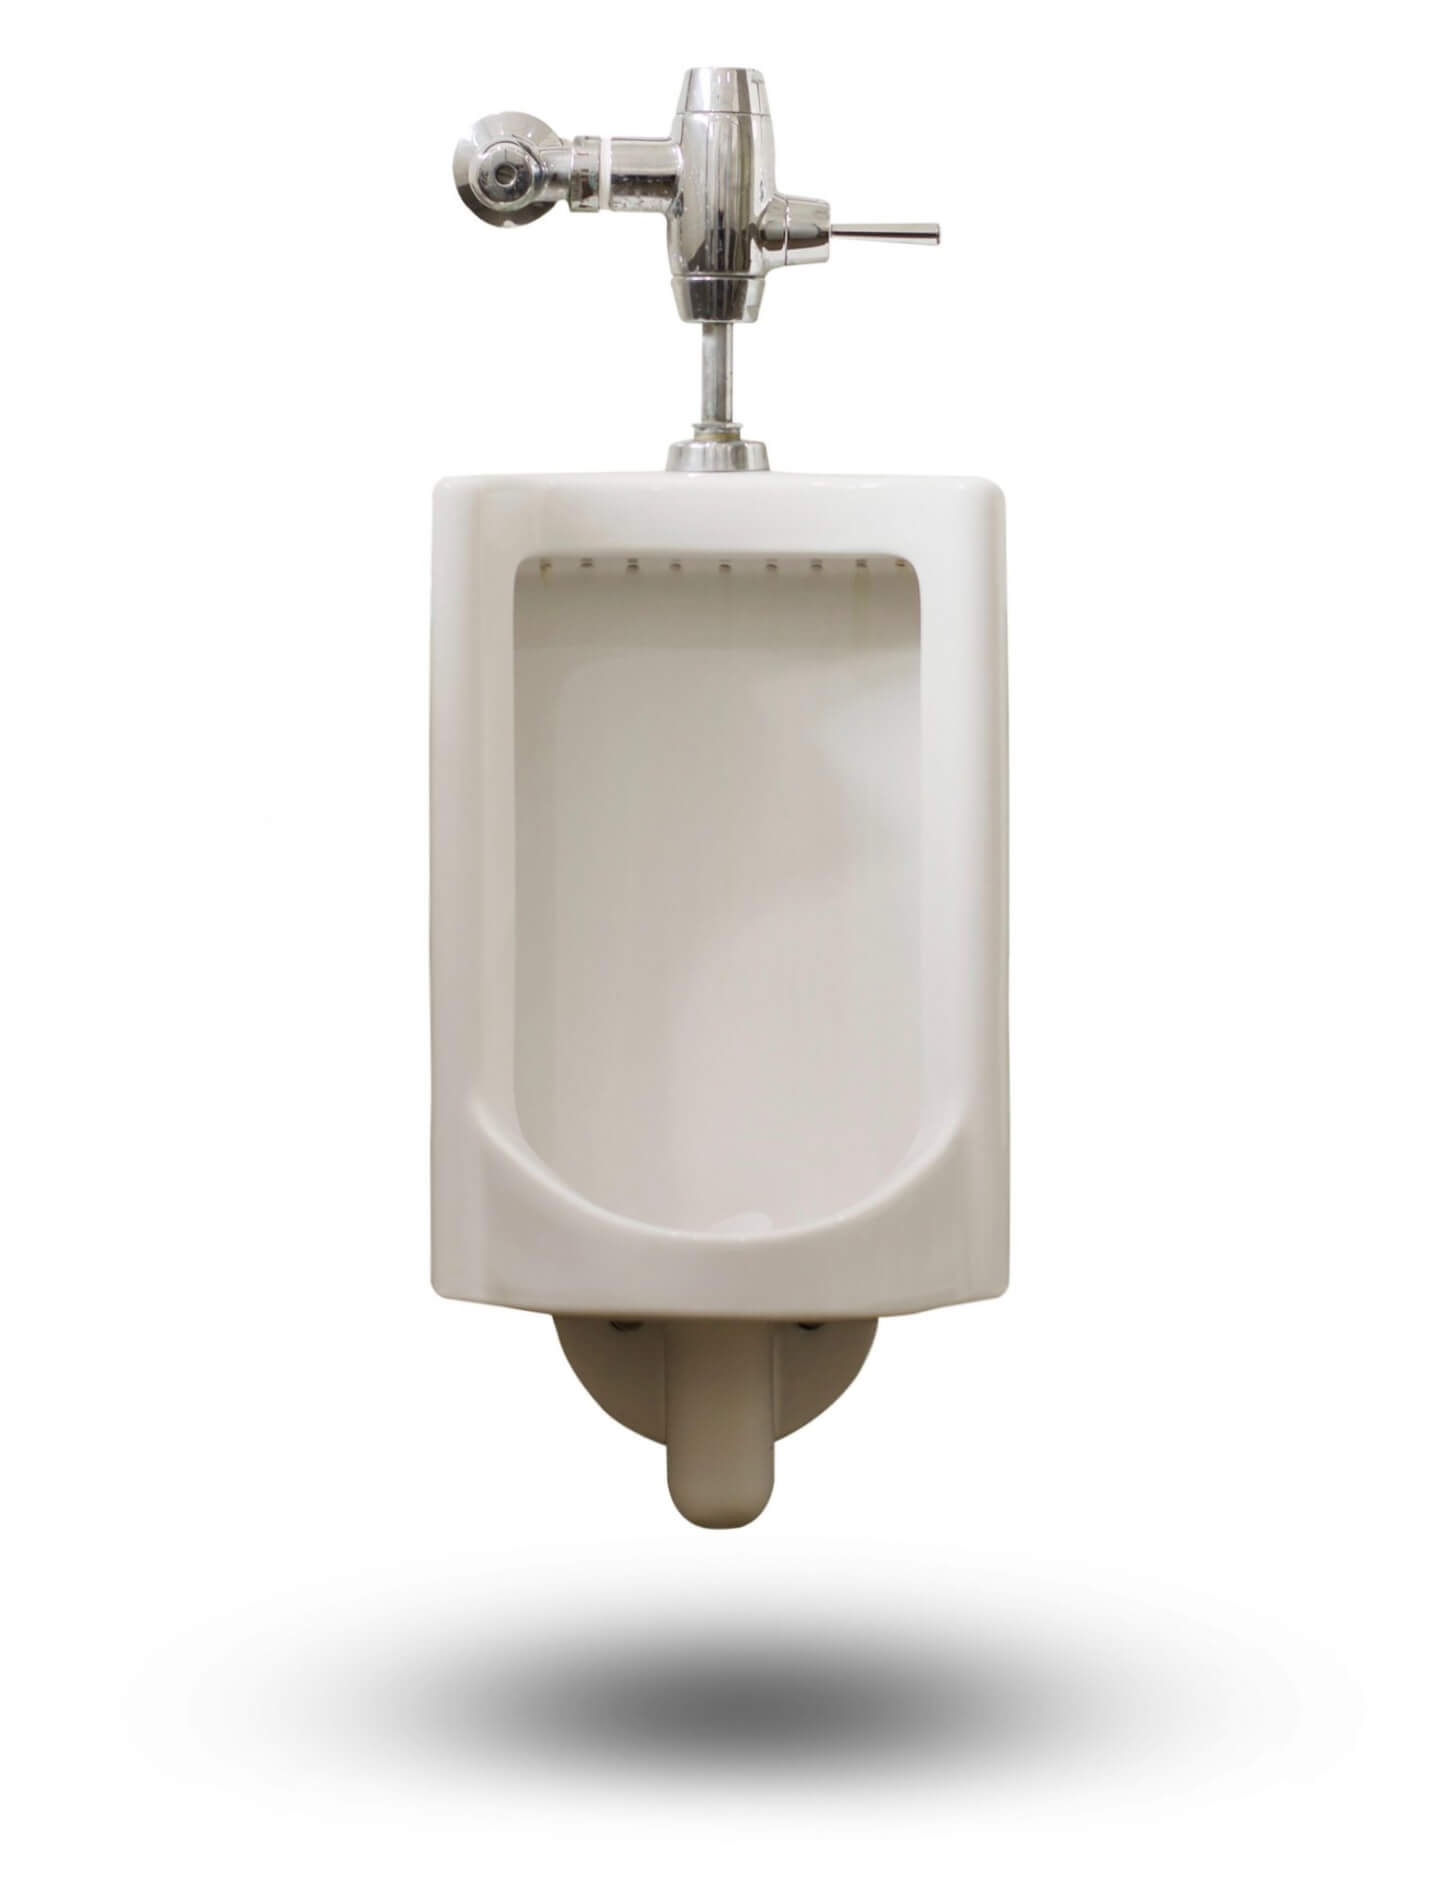 Pittsburgh Commercial Toilet & Urinal Odor Neutralizing System
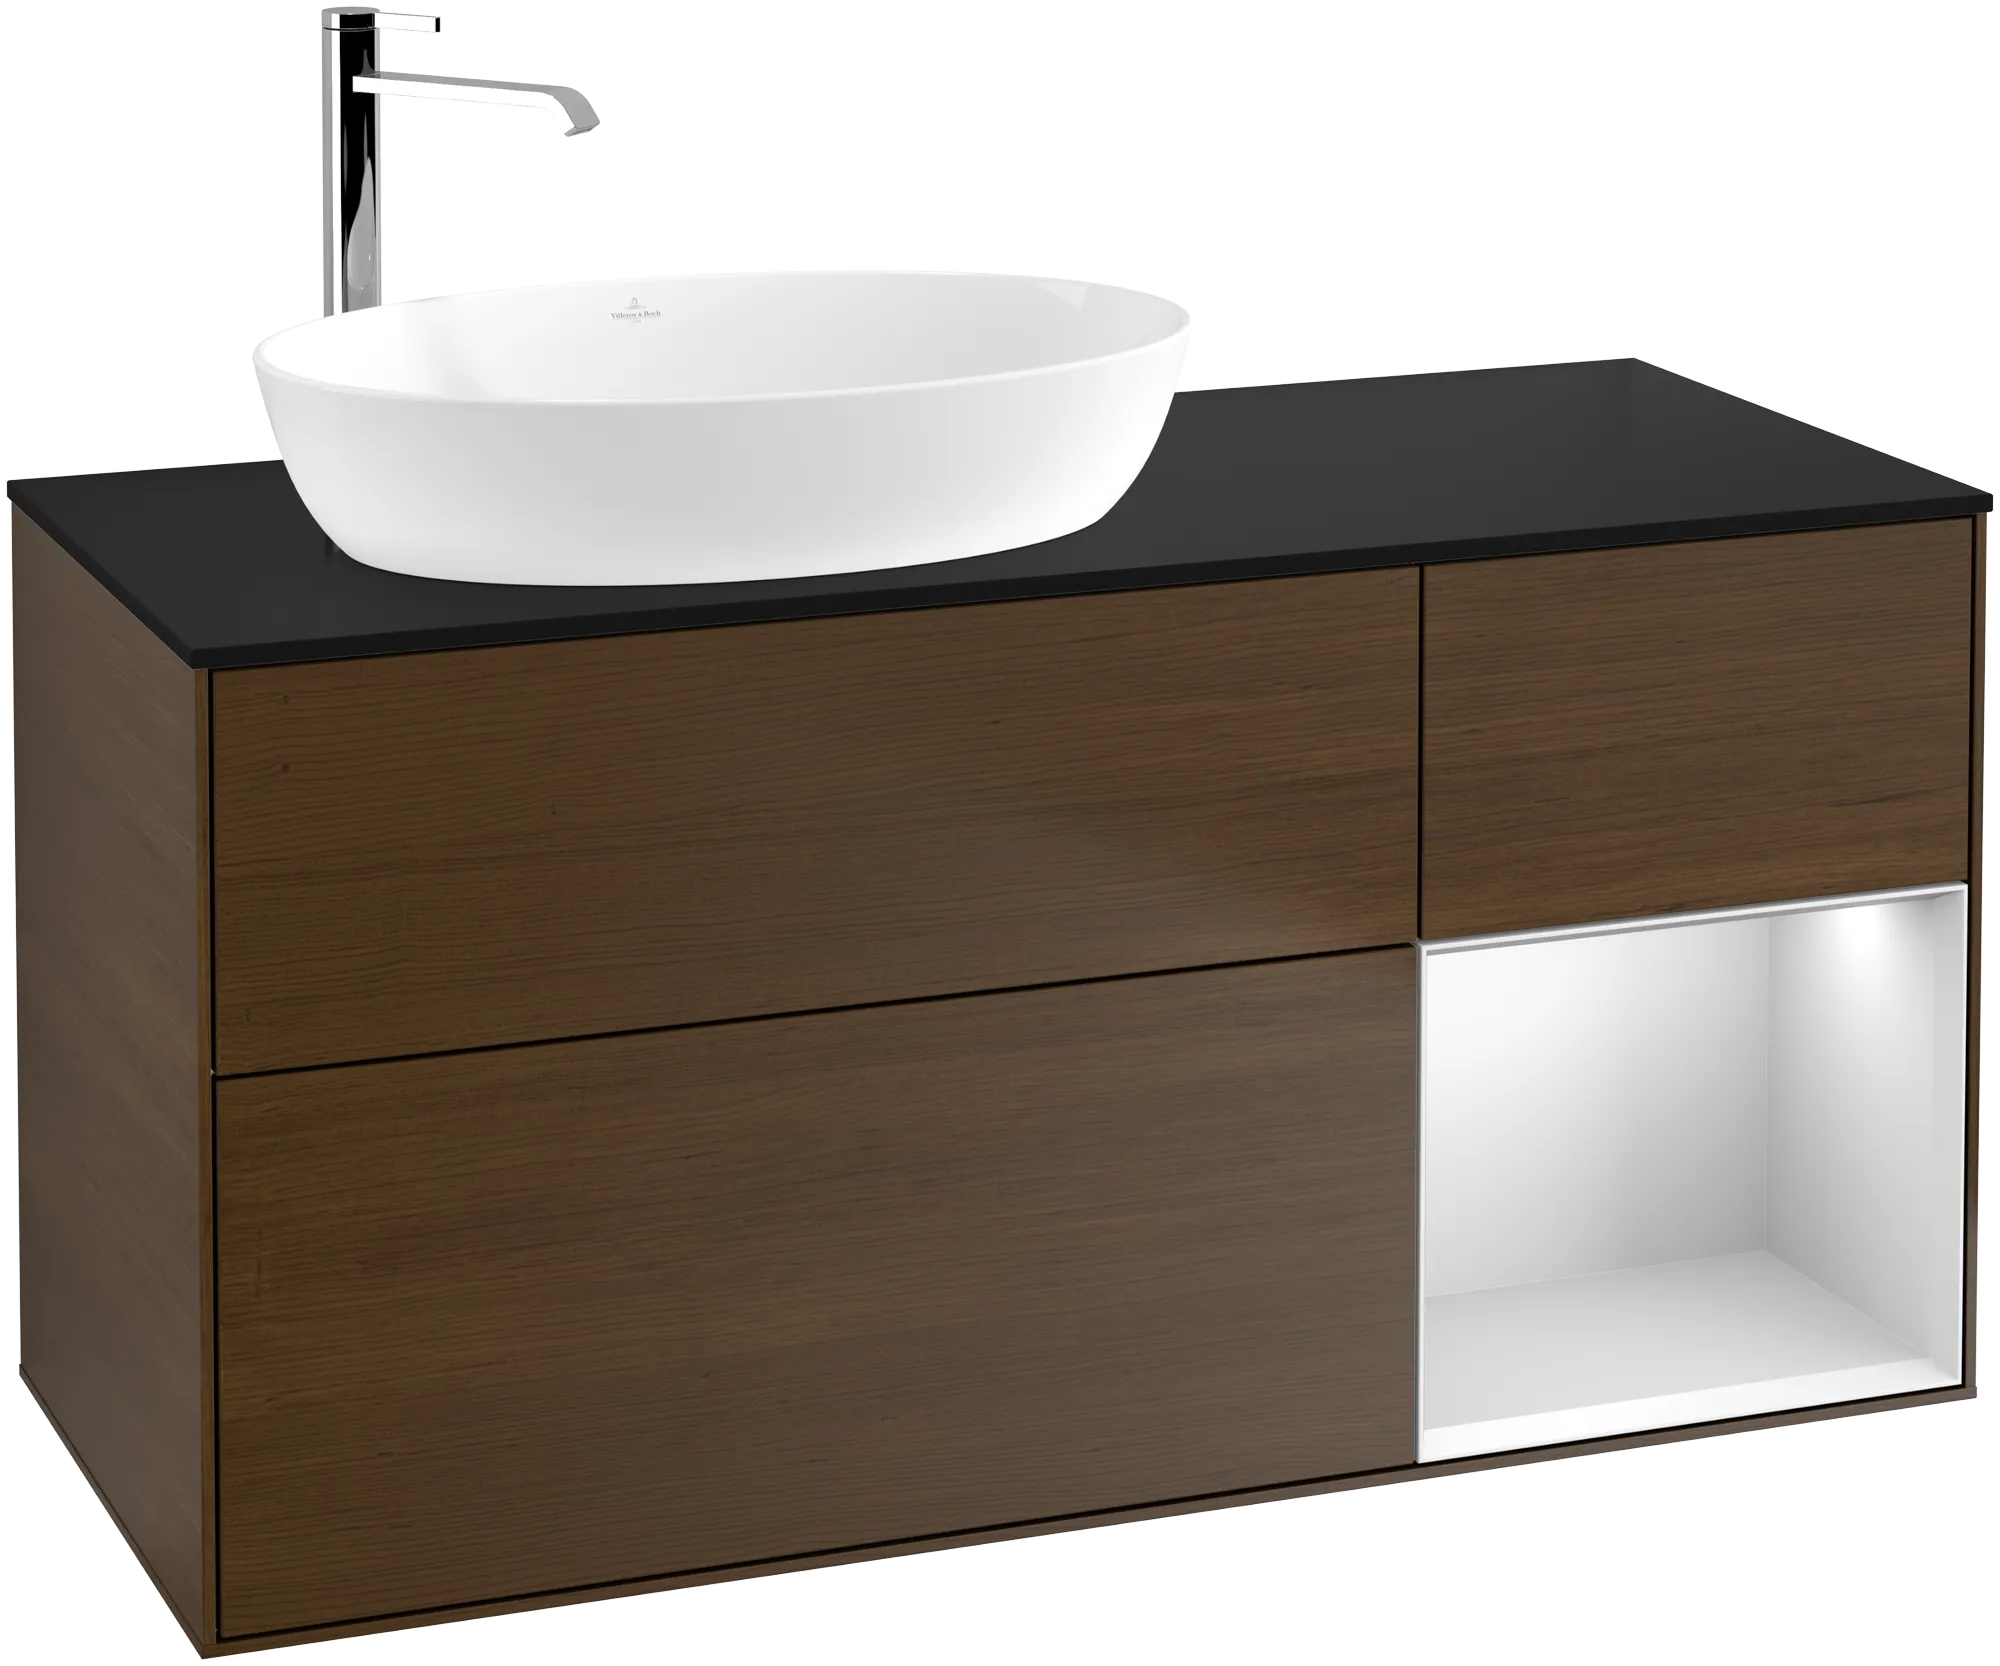 Picture of VILLEROY BOCH Finion Vanity unit, with lighting, 3 pull-out compartments, 1200 x 603 x 501 mm, Walnut Veneer / White Matt Lacquer / Glass Black Matt #G932MTGN
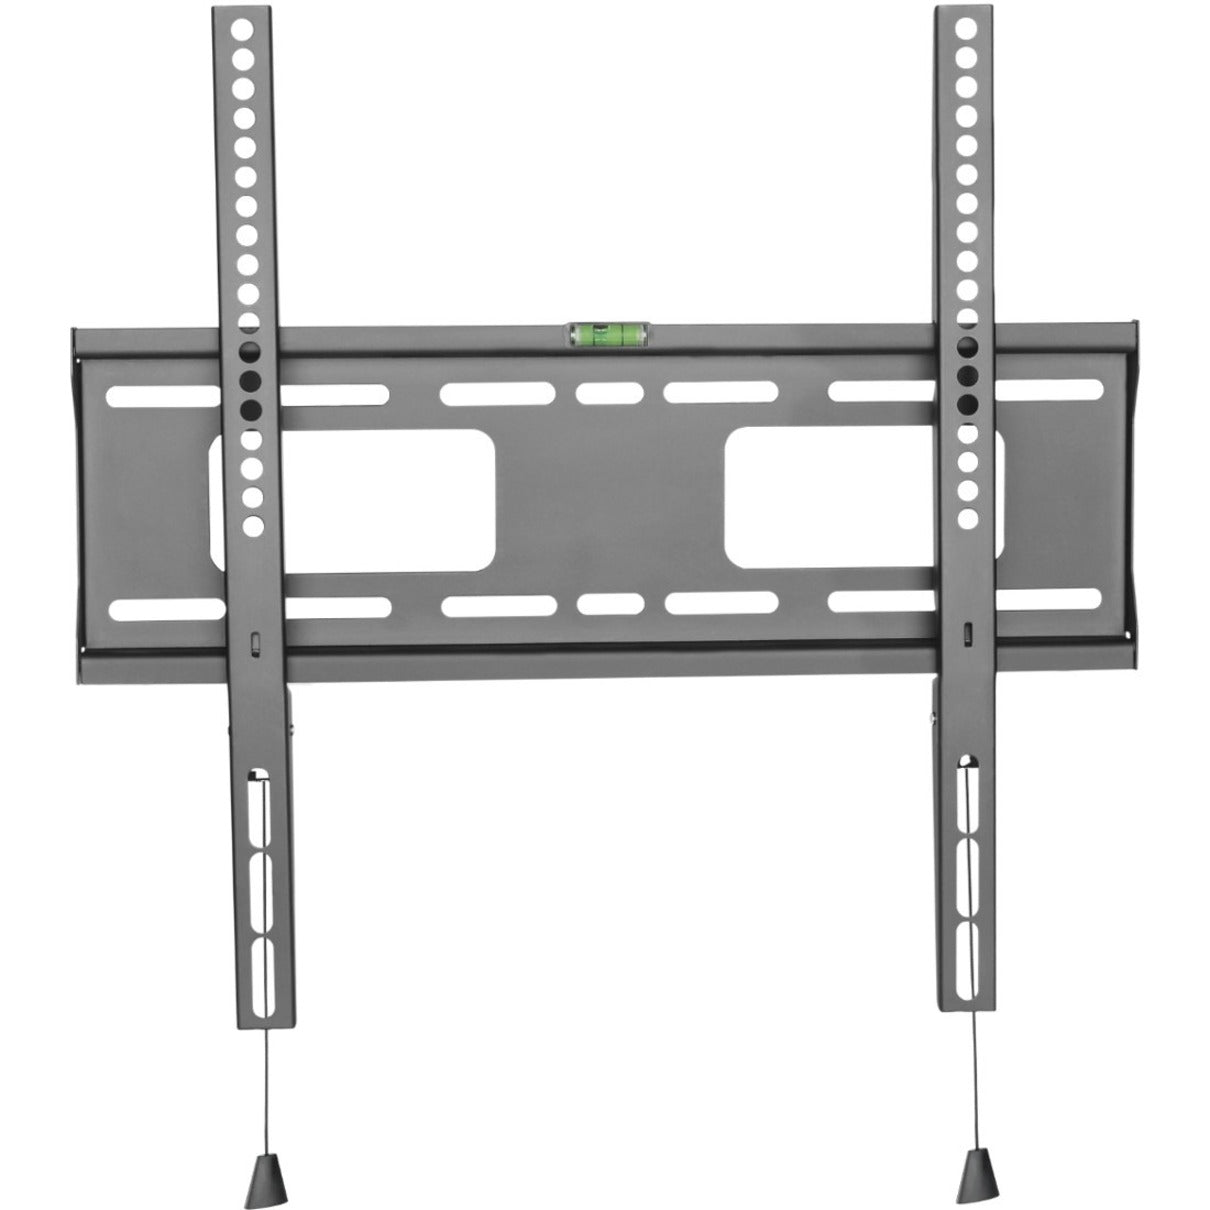 Atdec AD-WF-5040 Wall Mount for Digital Signage Display, Quick Release Mechanism, Cable Management, Spirit Level, Compact

-*-*-

WHAT YOU ARE ASKED TO DO: Print the listing verbatim, images excluded.

EXERCISE OUTPUT:
 Pittsburgh Commercial Toilet & Urinal Odor Neutralizing System
 Picture of VILLEROY BOCH Finion Vanity unit, with lighting, 3 pull-out compartments, 1200 x 603 x 501 mm, Walnut Veneer / White Matt Lacquer / Glass Black Matt #G932MTGN
 Atdec AD-WF-5040 Wall Mount for Digital Signage Display, Quick Release Mechanism, Cable Management, Spirit Level, Compact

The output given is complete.